Since \( m \parallel n \) and \( t \) is a transversal, the two angles \( (5x - 16)^\circ \) and \( (6x + 9)^\circ \) are same - side interior angles? Wait, no, actually, looking at the diagram, the angle \( (5x - 16)^\circ \) and the angle adjacent to \( (6x + 9)^\circ \) (vertically opposite or supplementary? Wait, no, when two parallel lines are cut by a transversal, same - side interior angles are supplementary, but also, the angle \( (5x - 16)^\circ \) and \( (6x + 9)^\circ \) are actually supplementary? Wait, no, let's re - examine. Wait, the angle \( (5x - 16)^\circ \) and the angle that is vertical to the angle adjacent to \( (6x + 9)^\circ \)? Wait, no, actually, the two angles \( (5x - 16)^\circ \) and \( (6x + 9)^\circ \) are same - side interior angles? Wait, no, when \( m\parallel n \), and \( t \) is a transversal, the angle \( (5x - 16)^\circ \) and \( (6x + 9)^\circ \) are supplementary?

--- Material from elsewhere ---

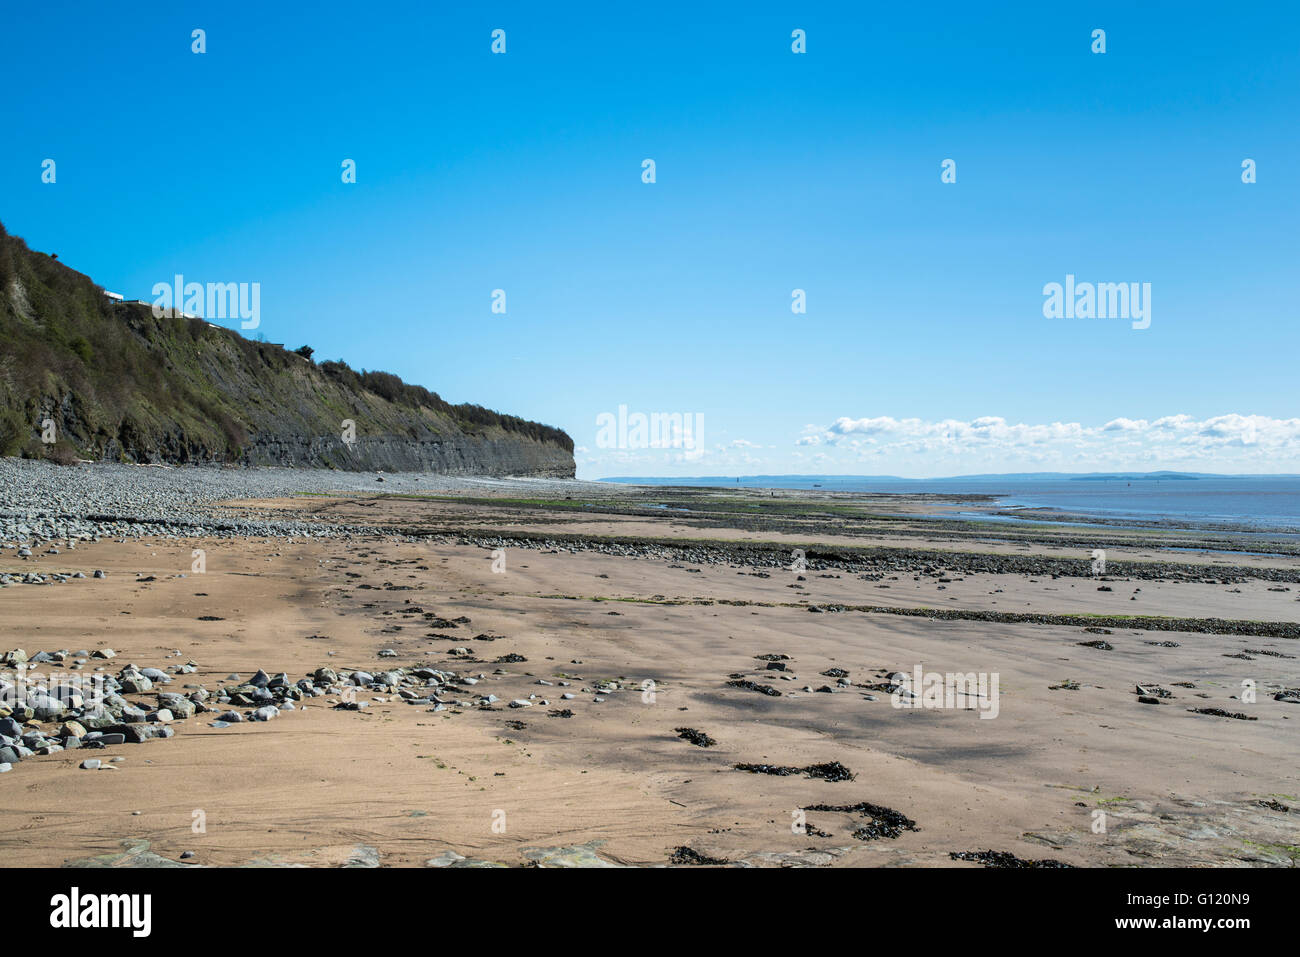 A sand and pebble beach below a headland. Stock Photo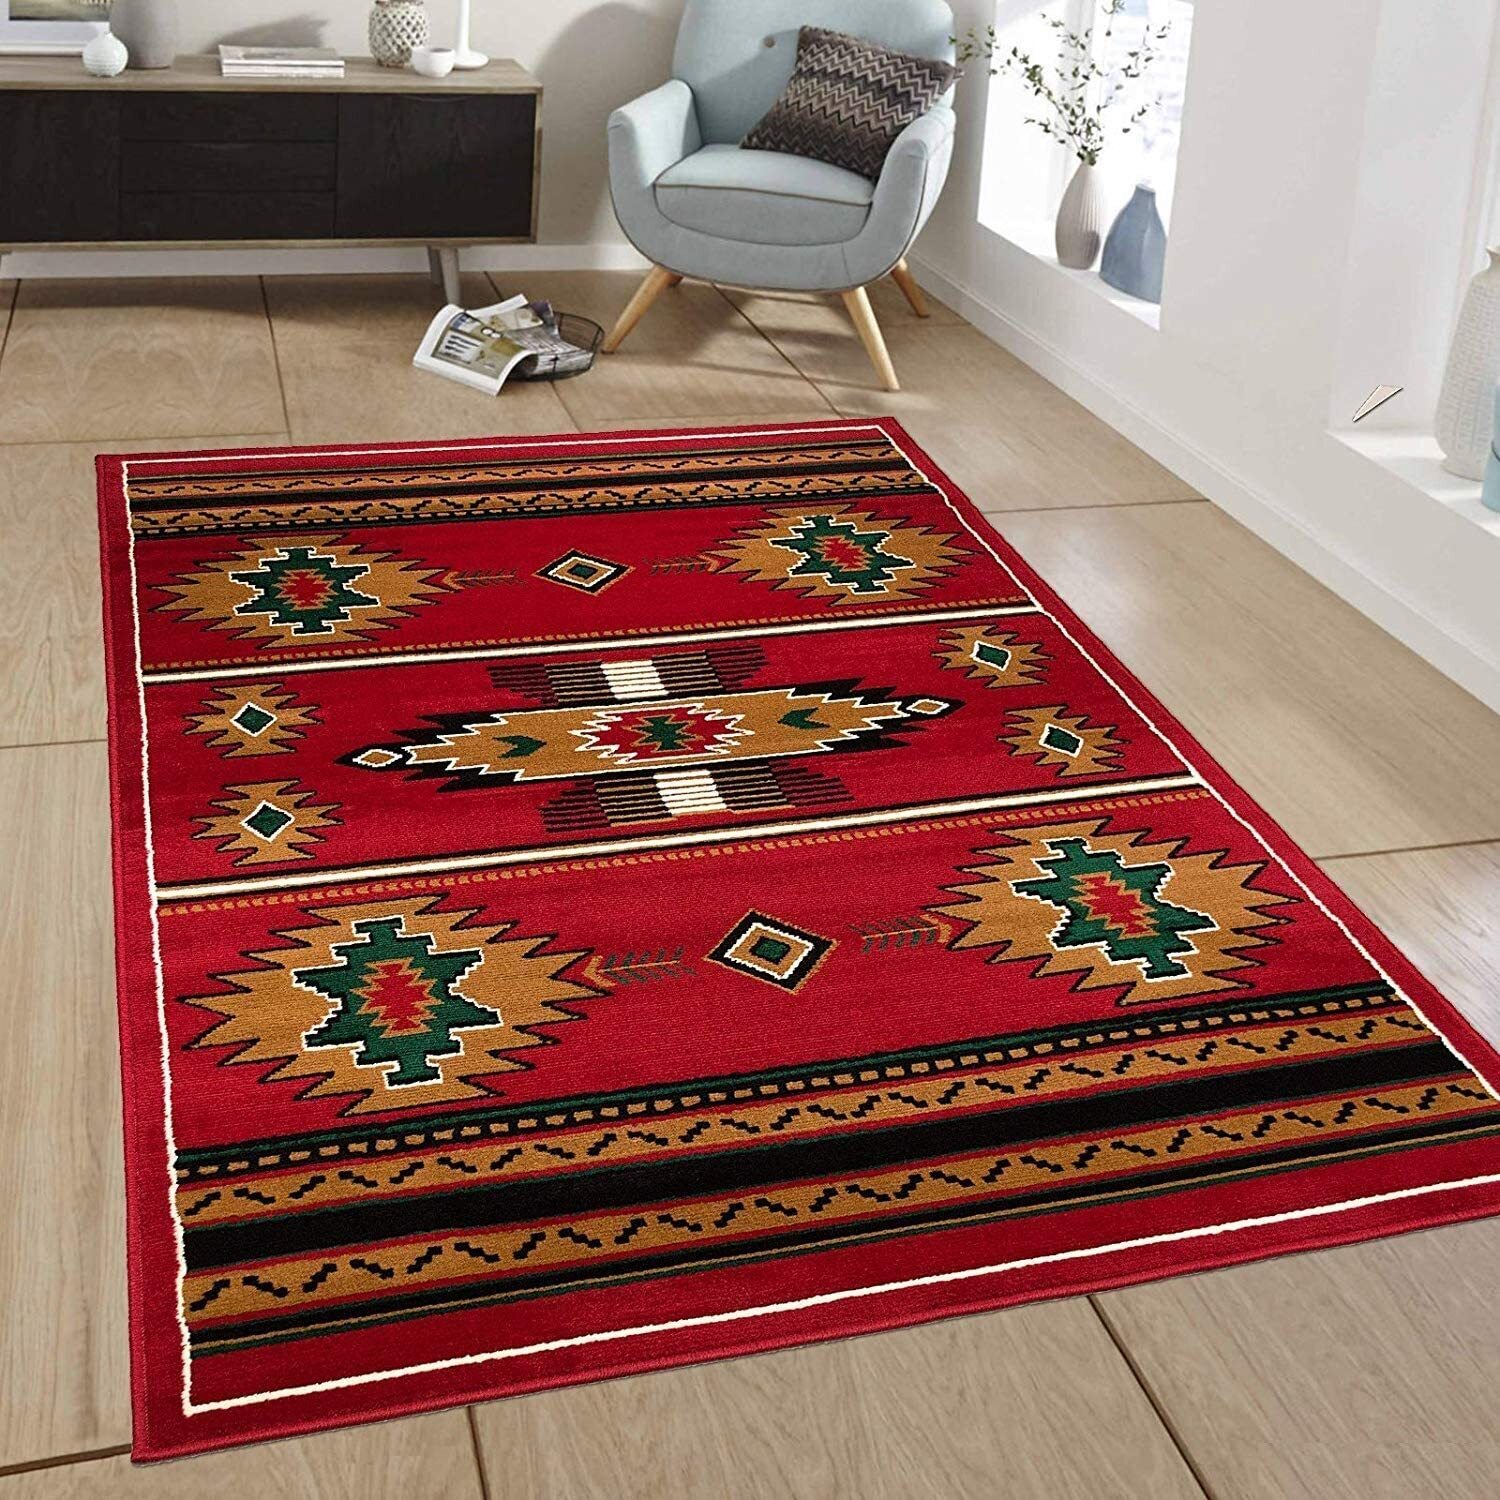 Navajo Inspired Red Patterned Rug

Wait, no, actually, the correct relationship is that they are same - side interior angles, so they should be supplementary? Wait, no, let's think again. Wait, the angle \( (5x - 16)^\circ \) and the angle \( (6x + 9)^\circ \) are actually supplementary? Wait, no, maybe they are alternate - exterior or alternate - interior? Wait, no, looking at the diagram, the angle \( (5x - 16)^\circ \) and \( (6x + 9)^\circ \) are same - side interior angles, so their sum is \( 180^\circ \)? Wait, no, that can't be. Wait, no, actually, the angle \( (5x - 16)^\circ \) and \( (6x + 9)^\circ \) are supplementary because they are same - side interior angles. Wait, let's check: if \( m\parallel n \), then same - side interior angles are supplementary. So \( (5x - 16)+(6x + 9)=180 \).

Step2: Solve the equation

Combine like terms: \( 5x-16 + 6x + 9=180 \)
\( 11x-7 = 180 \)
Add 7 to both sides: \( 11x=180 + 7=187 \)
Divide both sides by 11: \( x=\frac{187}{11}=17 \)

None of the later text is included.